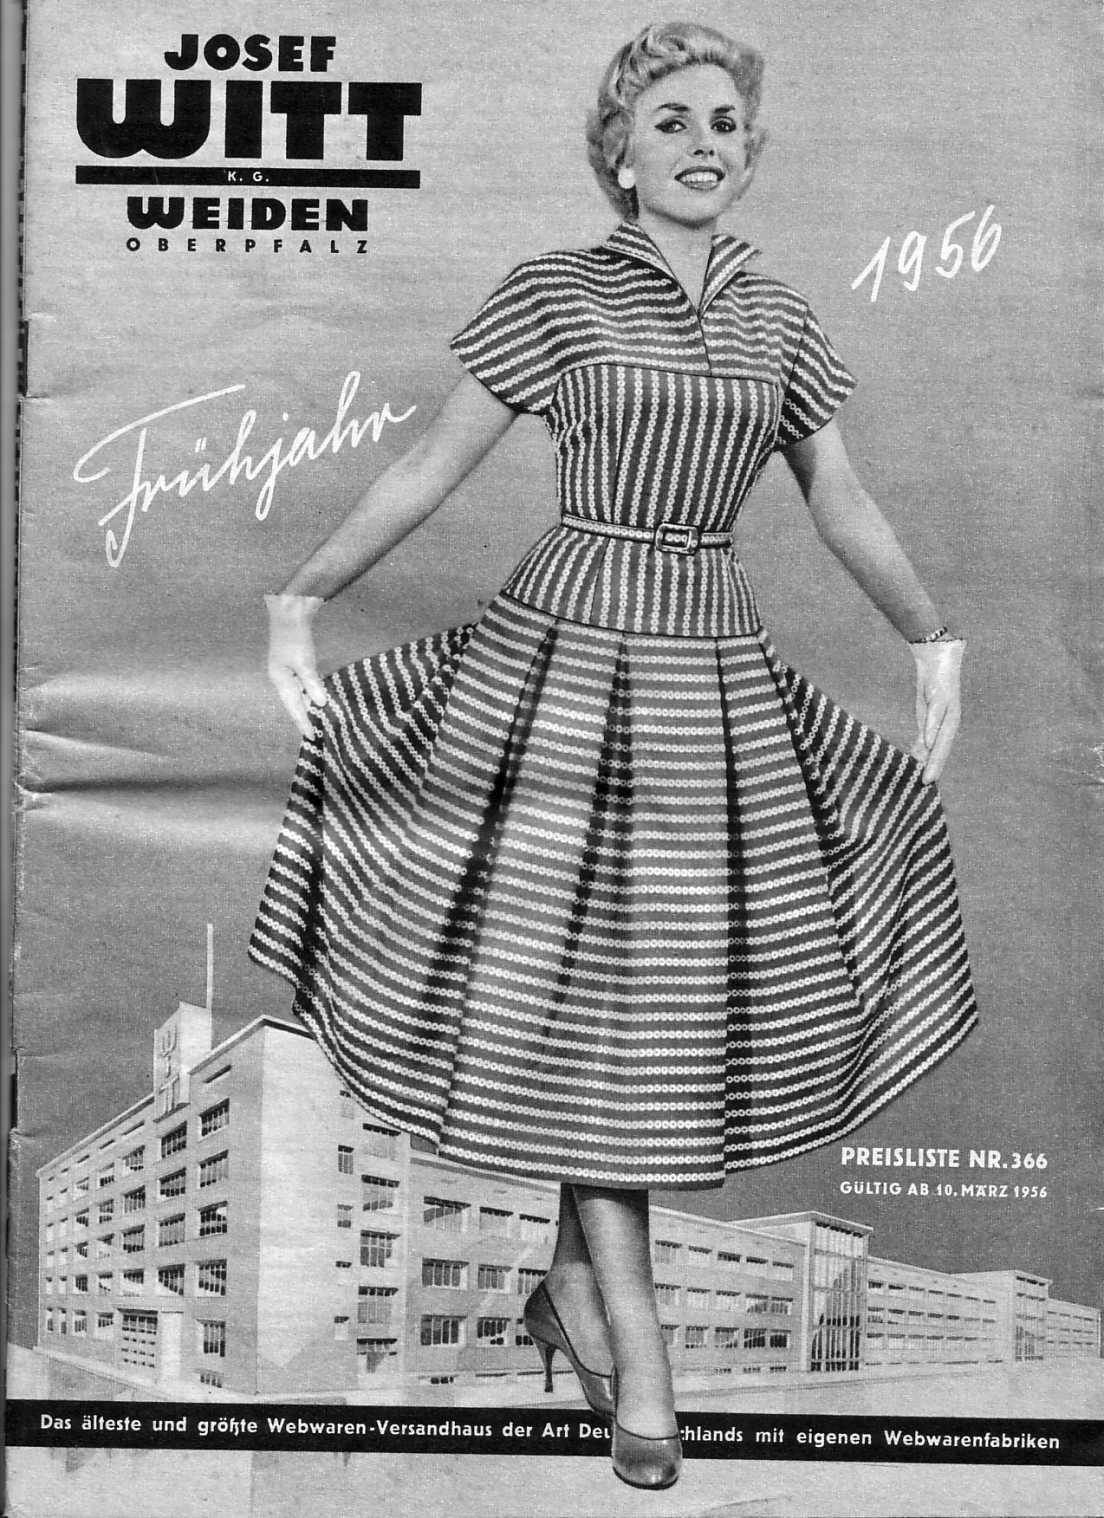 7d916fc82c534c Vom ältesten deutschen Textil-Versandhaus Josef Witt - Weiden (seit 1907)  habe ich bereits einen Katalog von 1938 vorgestellt.
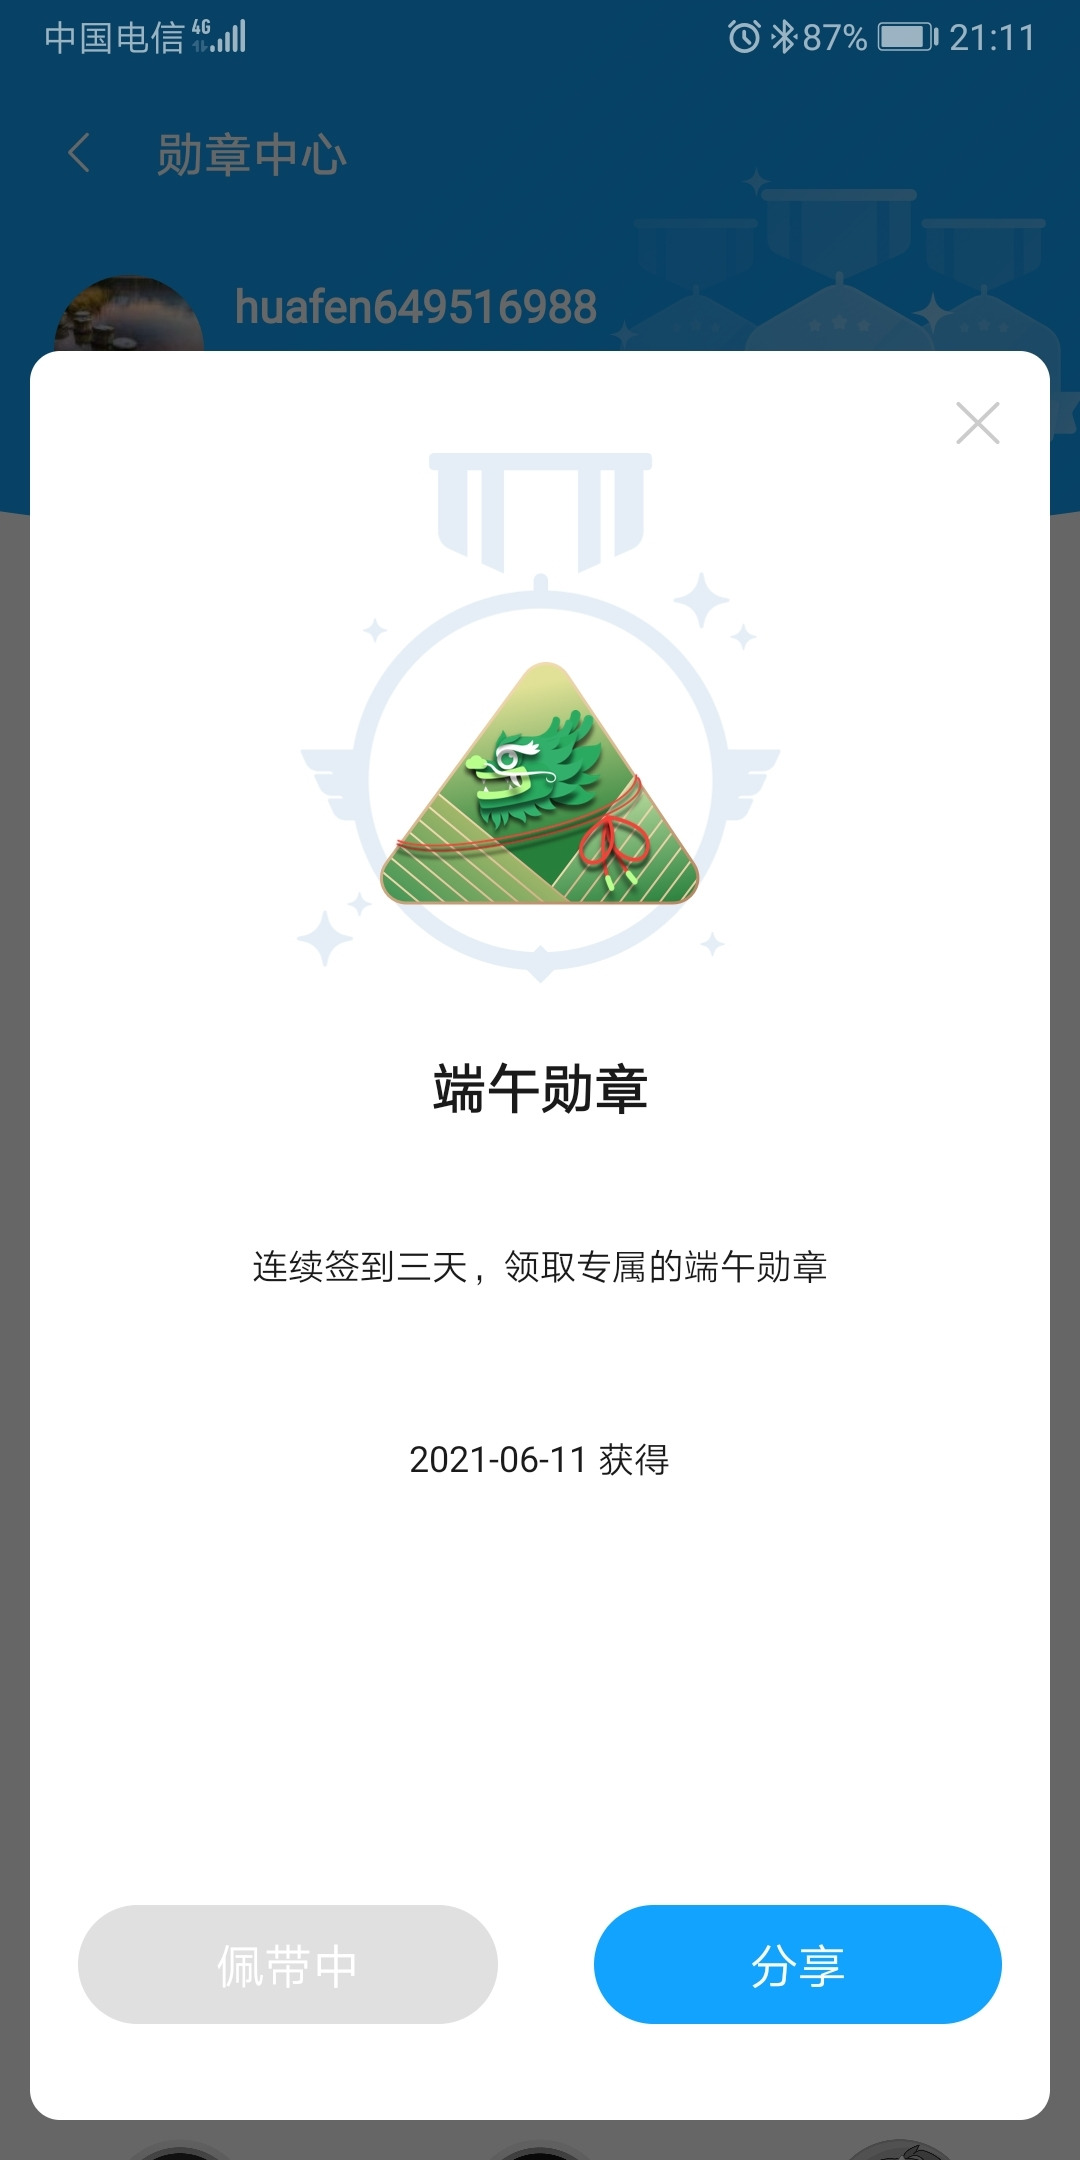 Screenshot_20210611_211154_com.huawei.fans.jpg
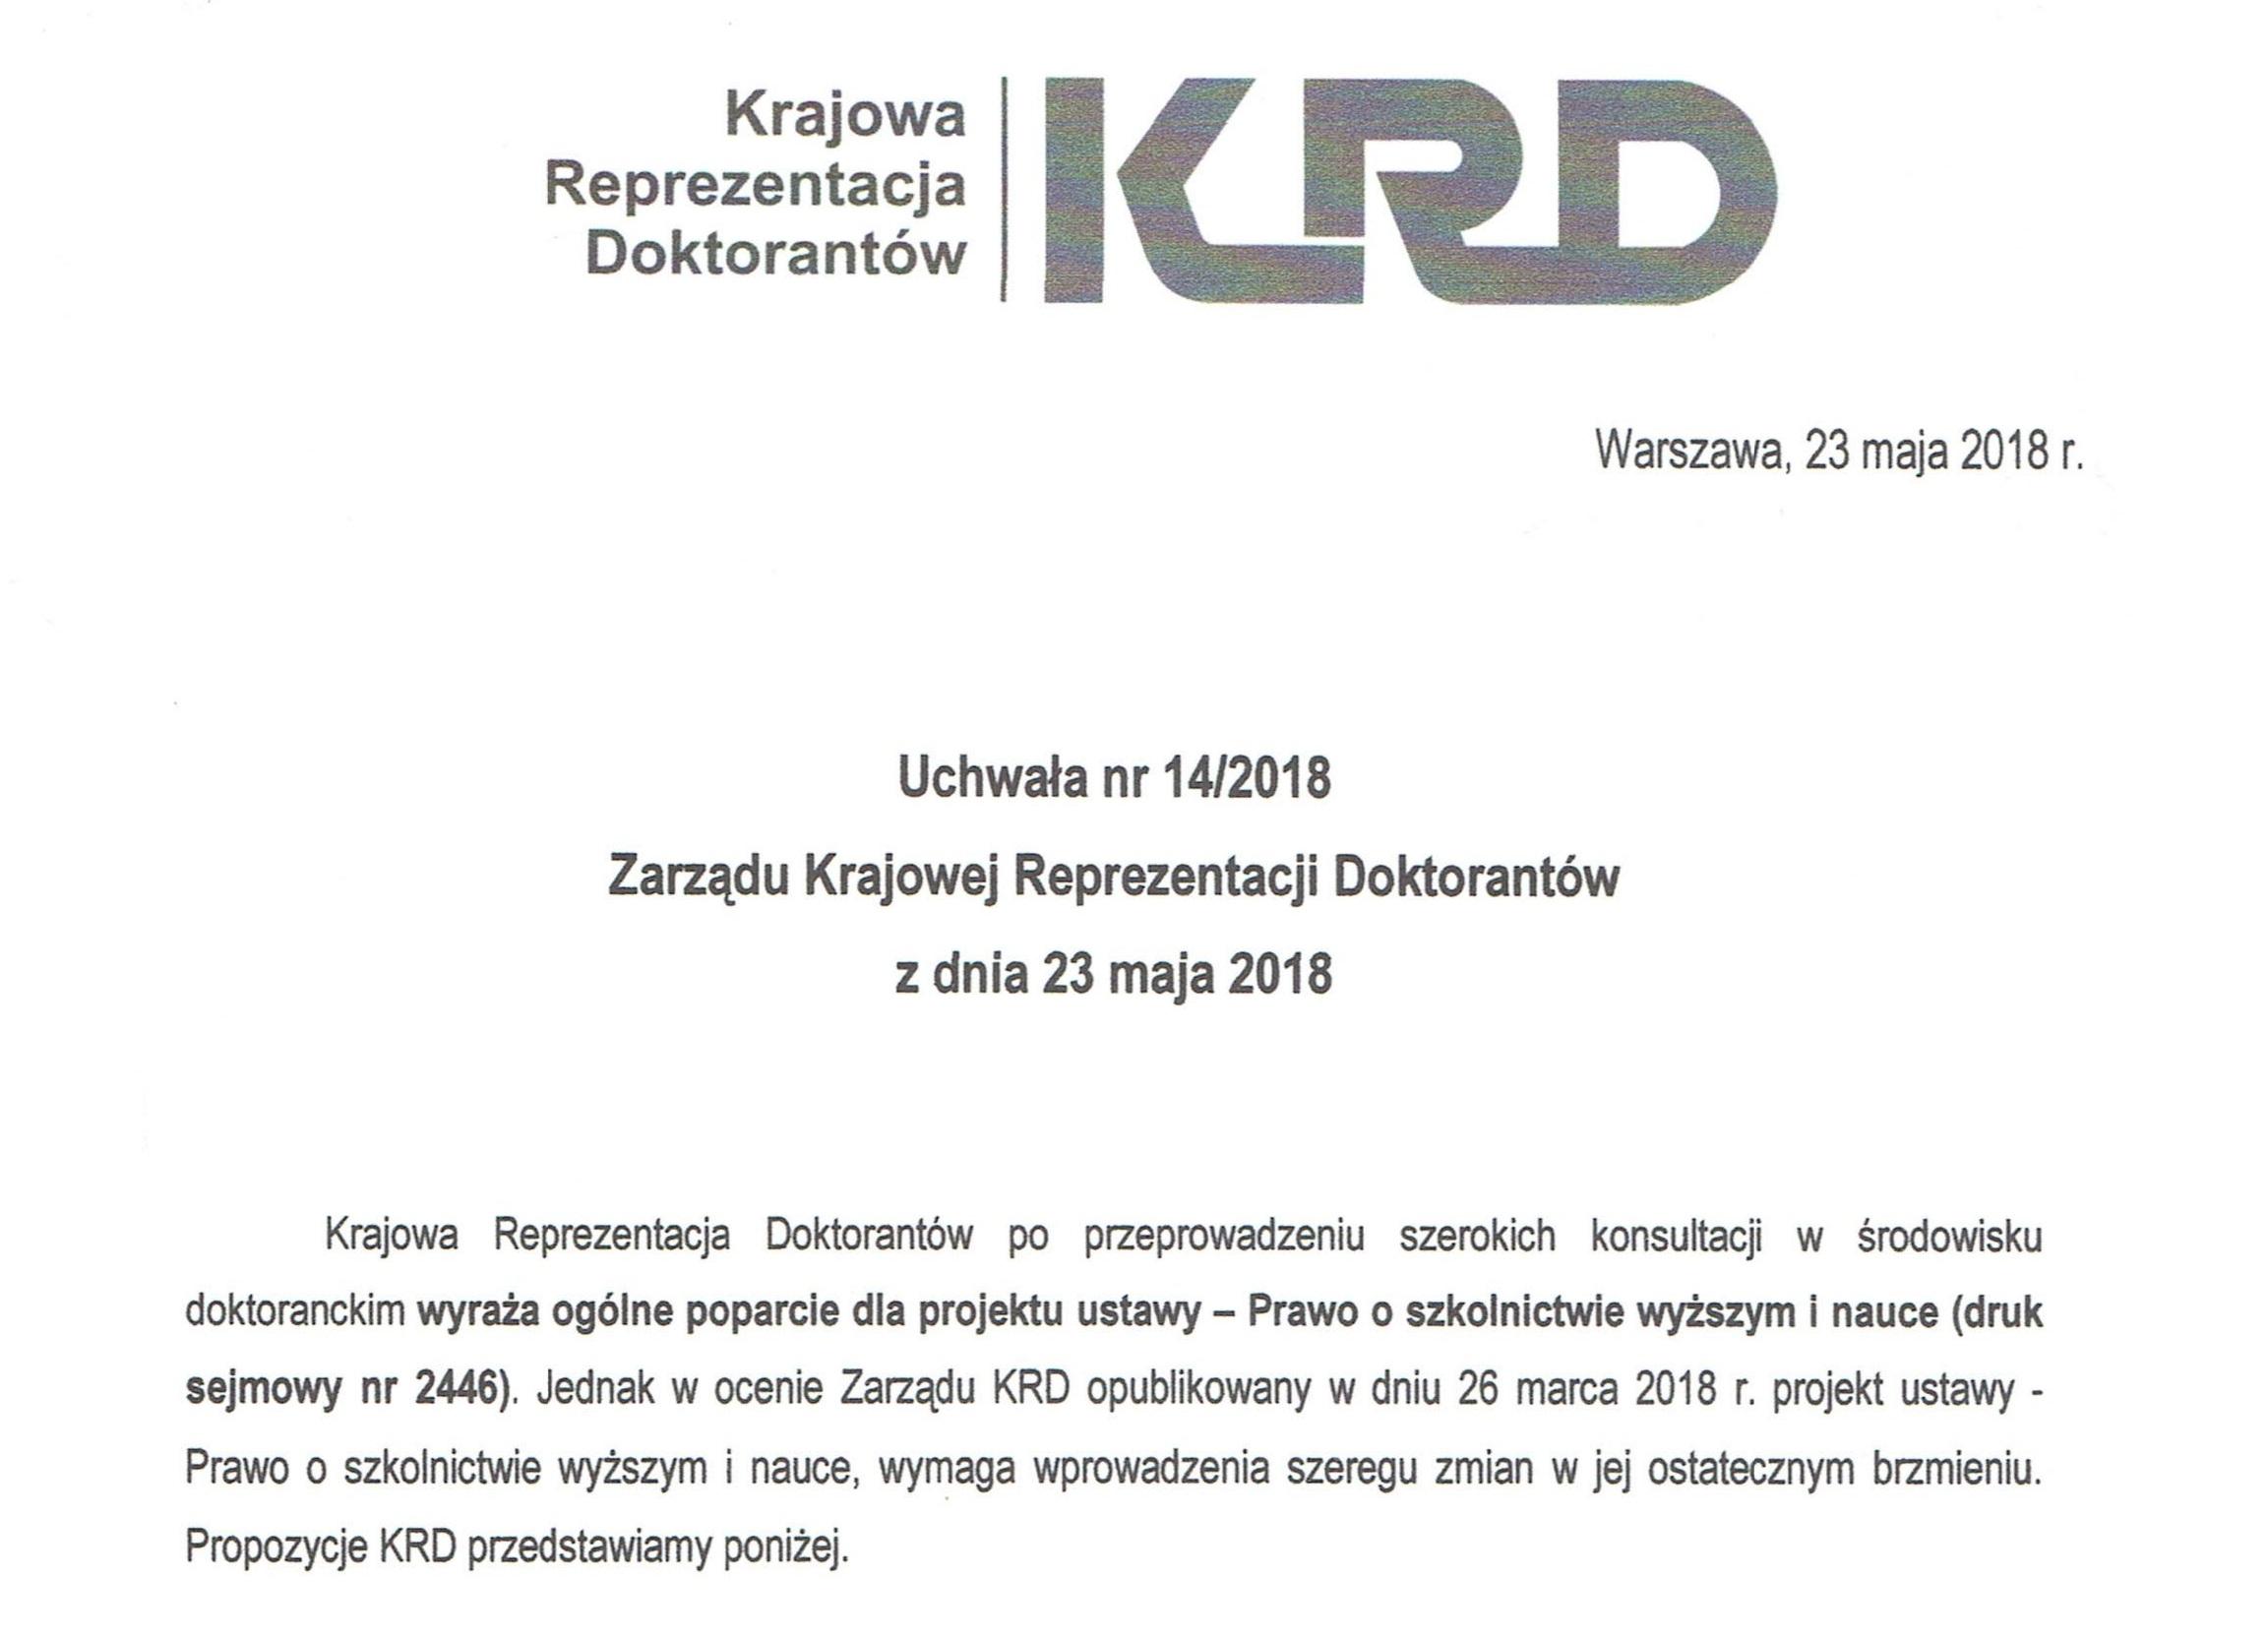 Uchwała KRD nr 14/2018 – proponowane zmiany – poprawki do ustawy 2.0
+ + + + + + +
# YOUR ASSIGNMENT
What is needed is every line of the data above, set down exactly but with the images left out.

# SOLUTION TO THIS TASK
 7d916fc82c534c Vom ältesten deutschen Textil-Versandhaus Josef Witt - Weiden (seit 1907)  habe ich bereits einen Katalog von 1938 vorgestellt.
 Screenshot_20210611_211154_com.huawei.fans.jpg
 Uchwała KRD nr 14/2018 – proponowane zmiany – poprawki do ustawy 2.0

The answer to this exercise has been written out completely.